The blacks of his irises that seem to have swallowed the power are the only indication of the foul magic lurking within.

That voice. Deeper, crueler than usual, but with a timbre of familiarity. I should’ve known. I should have damn well figured it out.

He takes one more step, and then he’s so close that I can feel the fiery temperature of his blackened soul, taste the press of spiced air as it passes from his lips.

He’s Rip and he’s Rot. He’s the fae and the king.

I swear, I feel a knife to my back all over again. But this time, it’s from a different betrayal, from a different man.

And I do feel betrayed.
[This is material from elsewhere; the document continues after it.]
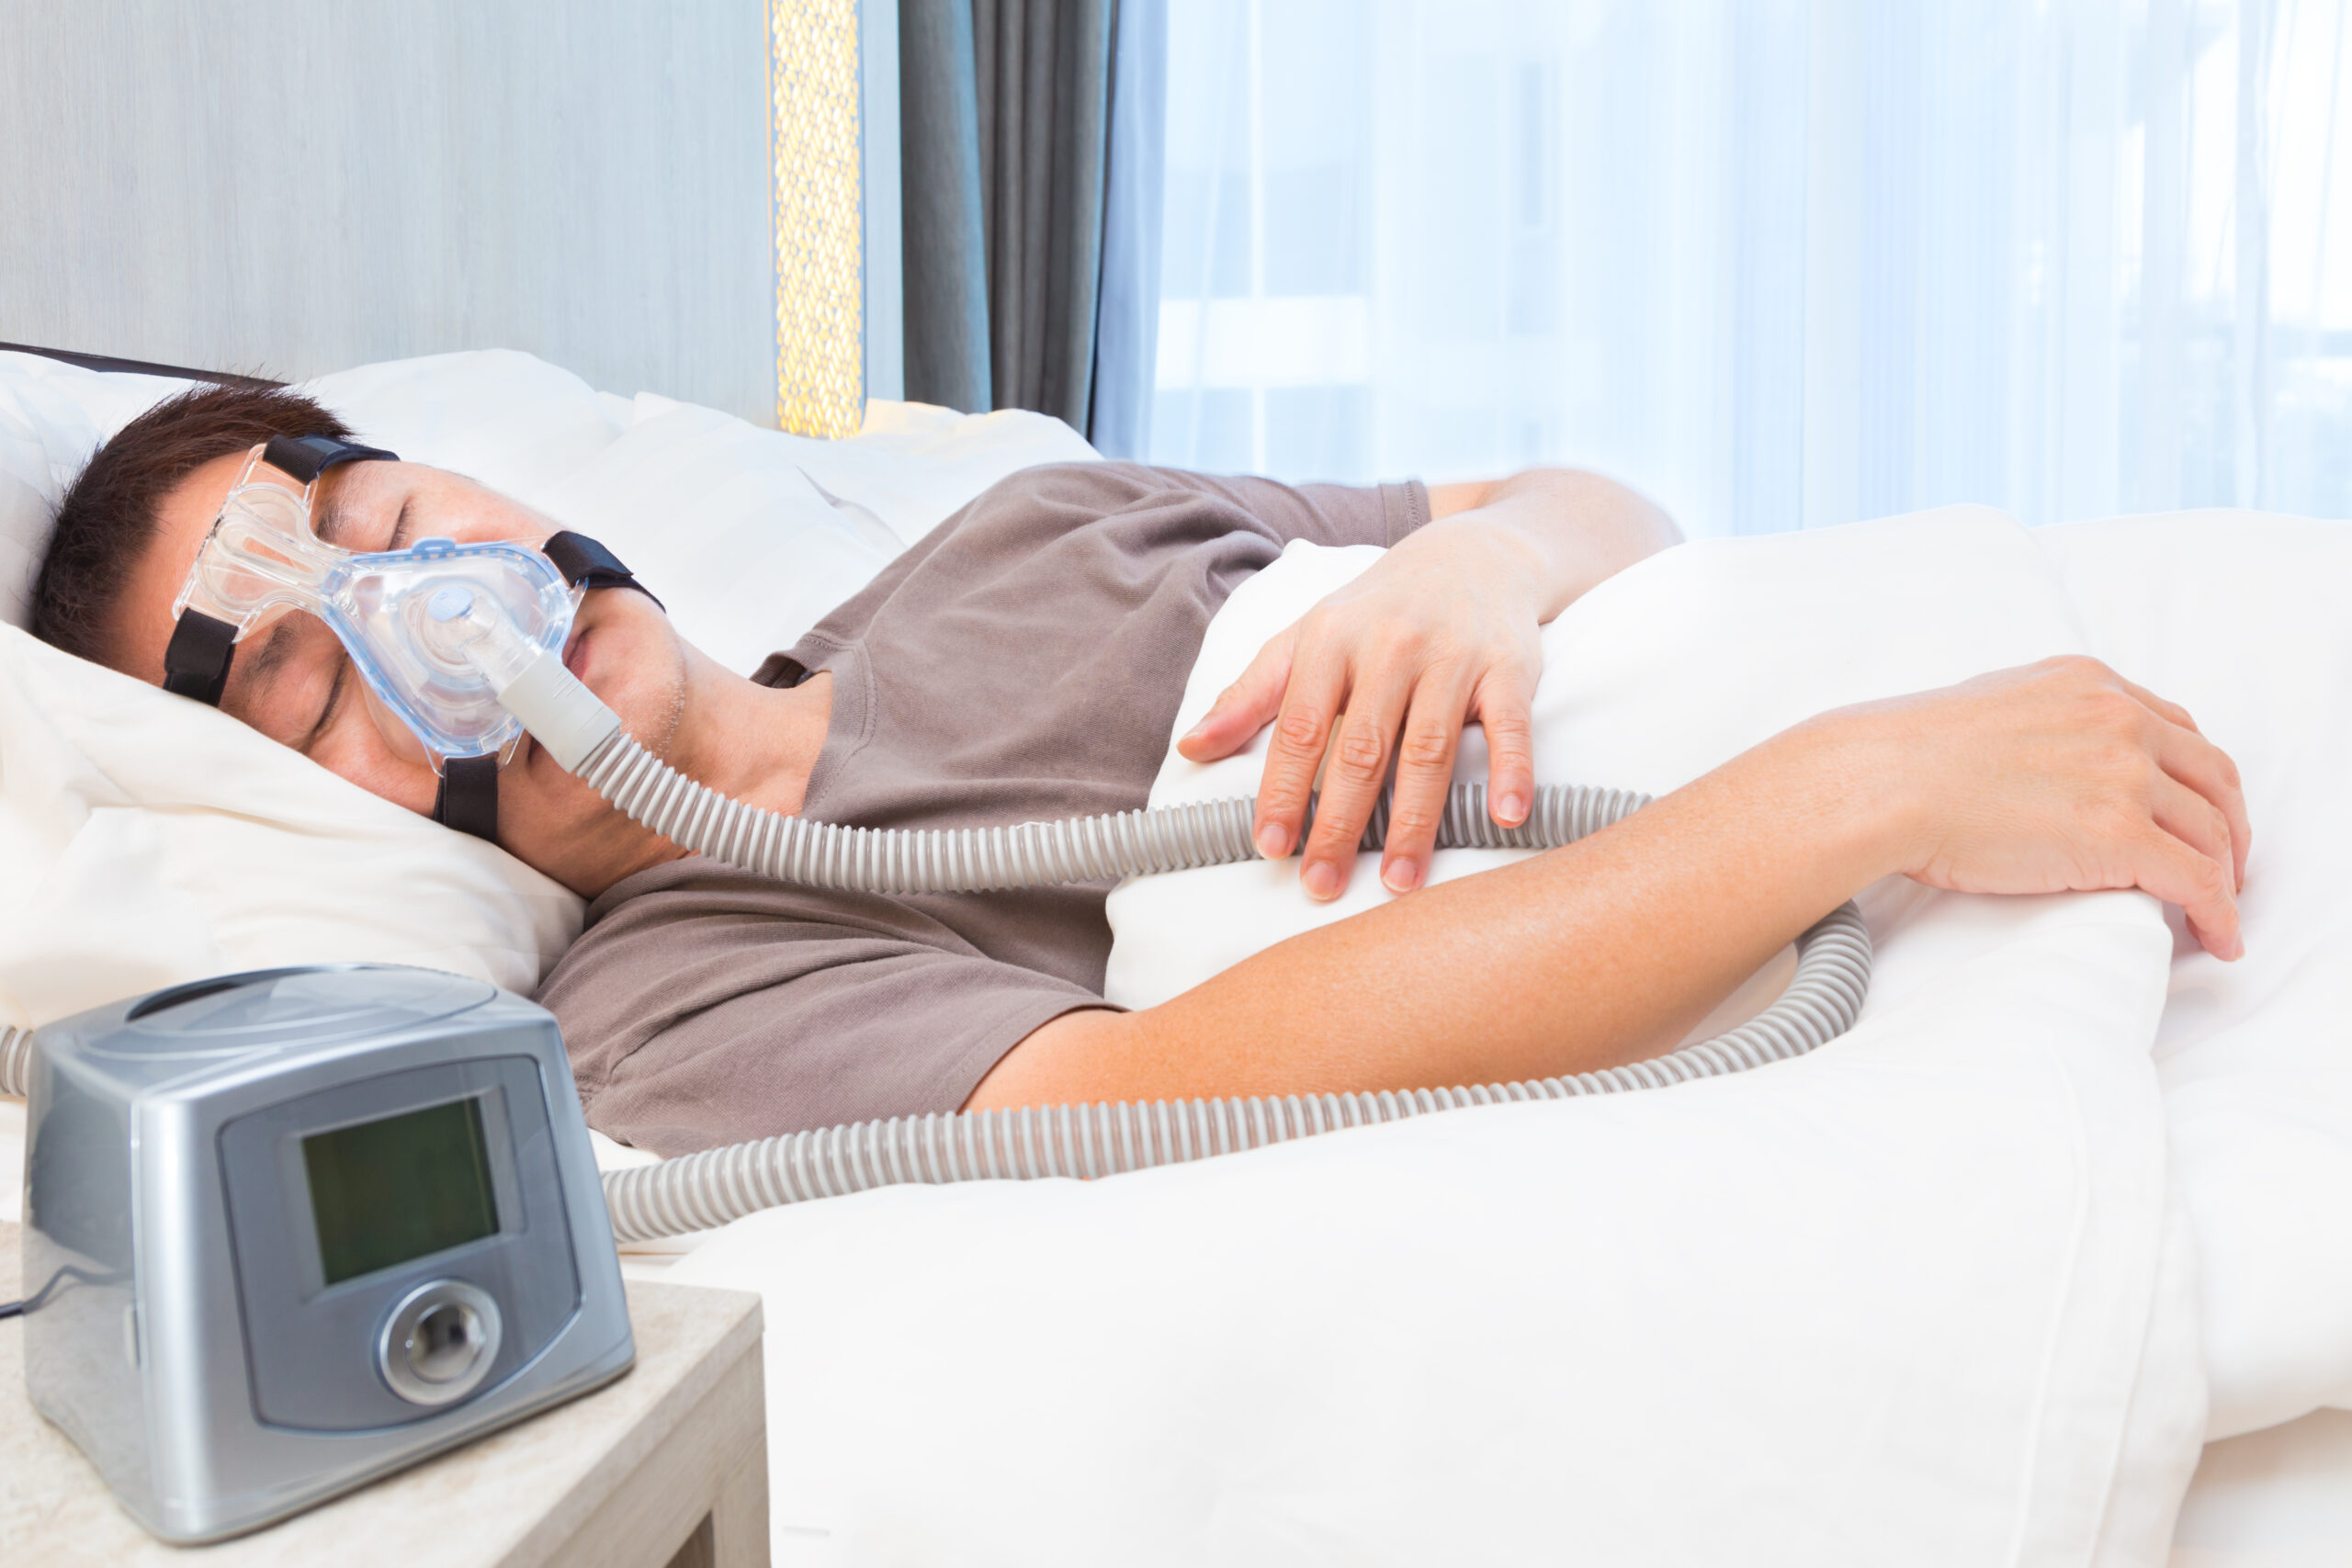 CPAP Machines SleepApnea Org

He tricked me. Confused me with a kiss and lied about who he really is. Maybe that’s unfair, considering I’ve lied too, but I can’t help feeling like he played me.

“You’re King Ravinger,” I breathe in hurt accusation, because it’s the only thought clanging through my bones and shrieking in my skull.

Rip’s mouth slowly pulls into a grin, and he speaks with the dark, sensual stroke of a villainous purr that matches the glint in his eye. “Yes, Goldfinch, I am. But you can call me Slade.”